J’aimerais bien être un homme, un jour. Juste pour quelques heures, une journée peut-être. Simplement pour comprendre tout un tas de mystères qui deviendraient peut-être des évidences, une fois dans la peau d’un homme. Peut-être comprendrais-je par exemple la raison (physiologique ou psychologique ?!) qui pousse les hommes à écarter les jambes le plus largement possible lorsqu’ils prennent l’avion, et sont donc (en théorie) dans un espace fort limité. De même qu’ils se carrent le plus possible dans leur fauteuil avec les épaules et les bras le plus développés possible, histoire d’utiliser absolument tous les cm2 à leur disposition, ainsi que tous ceux qu’ils peuvent grignoter à leur voisin. Ou plutôt leur voisine, vu qu’il y aurait combat de territoire avec un spécimen mâle. Parce qu’en tant que femme, passer neuf heures d’avion avec tout plein de cm2 collés serrés avec ceux de mon voisin (qui m’est bien évidemment parfaitement inconnu) m’est tout à fait désagréable. Quand je décide de partager mes cm2 voyez-vous, ce n’est en général pas avec un inconnu et encore moins sur un siège d’avion. Non mais oh, j’ai mes valeurs.
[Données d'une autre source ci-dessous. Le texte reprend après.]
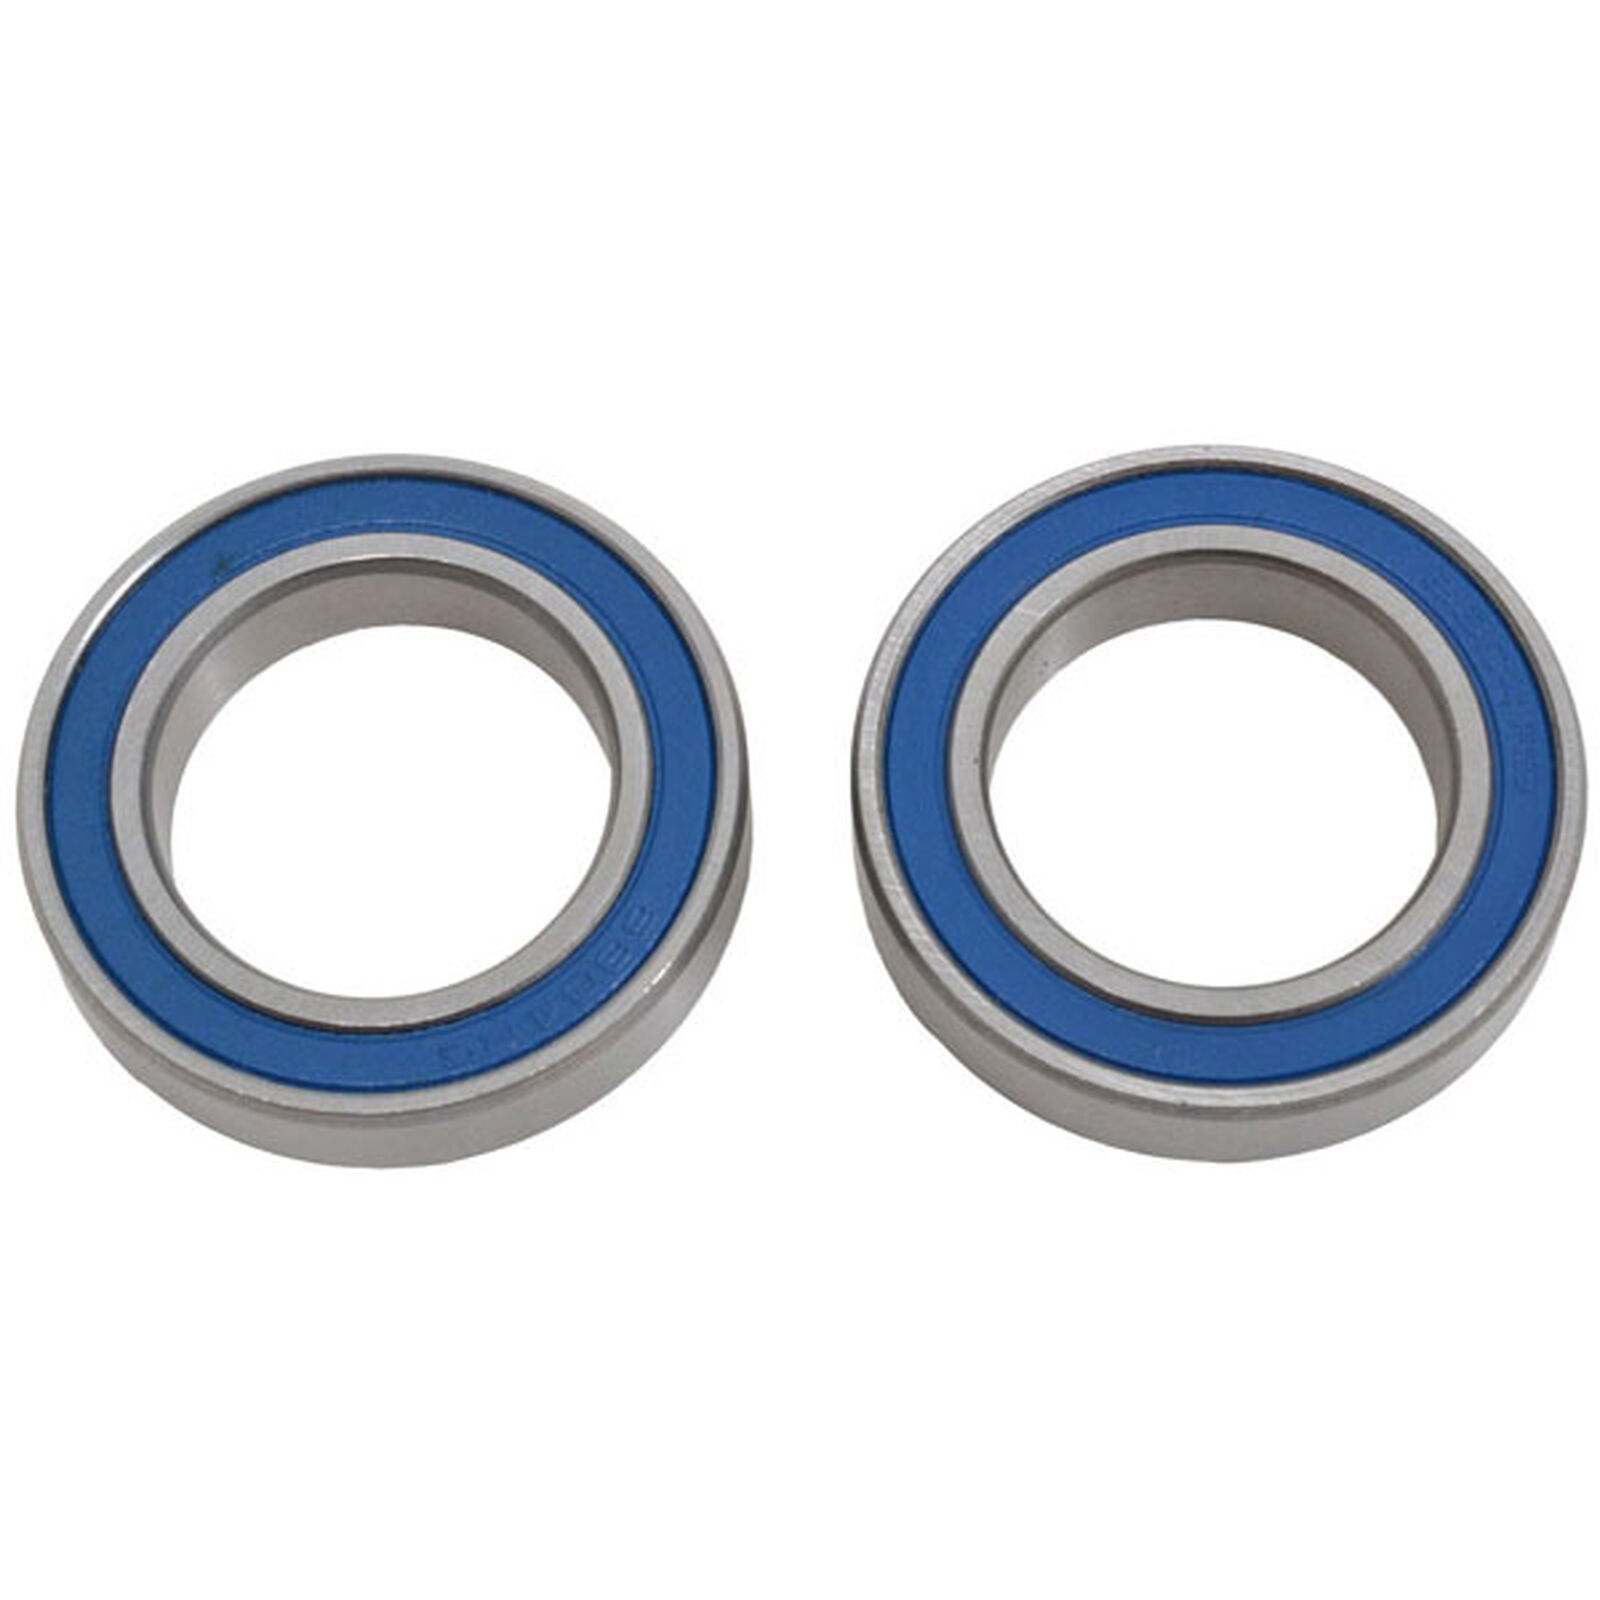 Replacement Oversized Inner Bearing (2): Rear Carriers X-Maxx

D’autant que cette incompréhension totale quant aux motivations du mâle qui me côtoie me rendrait presque violente, j’aurais presque tendance à faire semblant de dormir et me retourner d’un grand coup de coude et d’épaule dans son bras. Non que cet acte gratuit ait une quelconque efficacité, mais les deux secondes de satisfaction qu’il procure le justifie amplement.

Ceci n’étant qu’un exemple des raisons pour lesquelles j’adorerais explorer la psyché (et le corporel !) masculin, pour une toute petite journée. C’est bien trop rigolo d’être une femme pour que je veuille un changement de statut plus prolongé !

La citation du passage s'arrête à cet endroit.